利用者自身が興味あるカラコンやコスメを選んで試着できるほか、透明感、きらめき、はかなげなどいくつかのキーワードに沿ってヘアメイクアップアーティストの名取瞳氏が監修した「トータルコーディネイト」も用意。当該コーディネイトをベースに、カラコンのみ他の色に変えるなどの使い方もできる。
スタート時点で仮想試着できる商品はアイセイが展開する人気カラコンシリーズ「エバーカラー」11色とカネボウ化粧品が展開する化粧品ブランド「KATE」のアイシャドウ7色、チーク2色、口紅6色。なお、ヘアスタイルは「ロング」「ボブ」「ショートヘア」を選べ、カラーリングも3色からできる。

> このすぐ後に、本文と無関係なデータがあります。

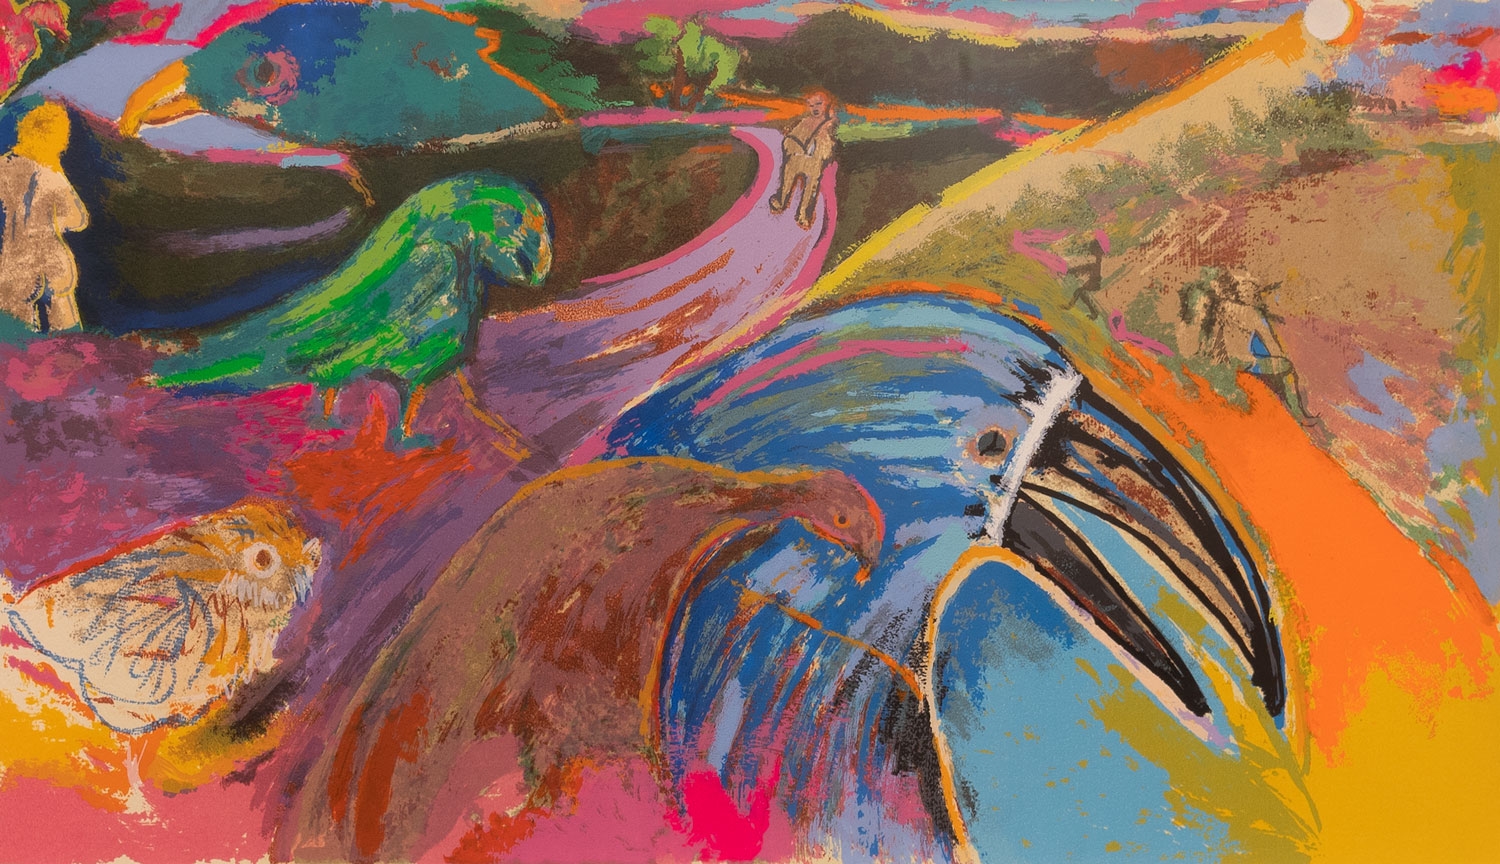 Pájaros ambiguos by Luis Felipe Noé, 1985

ヘアスタイル(ウイッグ)、ヘアカラーについては現状、実商品とは連動していない。
試用後に EC で購入も
仮想試用後に当該画面に下にフリックすると試着した商品画像と商品名、「購入」というボタンを表示。当該ボタンをタップすると商品を購入できる通販サイトまたは販売ページに遷移する仕組みとなっている。現状、カラコンについてはアイセイが「エバーカラー」の卸販売する取引先の中から12のECサイトのリンクを掲載。化粧品については楽天が運営する日用品や生活雑貨の販売サイト「楽天24」の当該商品の販売ページに直接、リンクしている。
「楽しんでもらう」を重視
「トータルカラーコーディネイトbyFace-AR」では「こだわったのは体験。自分に似合うカラコン、メイクはどういったものなのか。商品の販促よりも、ユーザーに楽しんでもらえることを重視した」(アイセイ・川部篤史執行役員)とし、カラコンやコスメといった単独カテゴリーごとではなく、顔周りのアイテムを横断して試用できるようにしたことに加えて、販促目的である他のバーチャル試用サービスにありがちな導入企業が販売したい商品のみを試用できるようにはせず、試用にたえるためにカラーバリエーションの面から必ずしも売れ筋ではない商品も試用できるようにした。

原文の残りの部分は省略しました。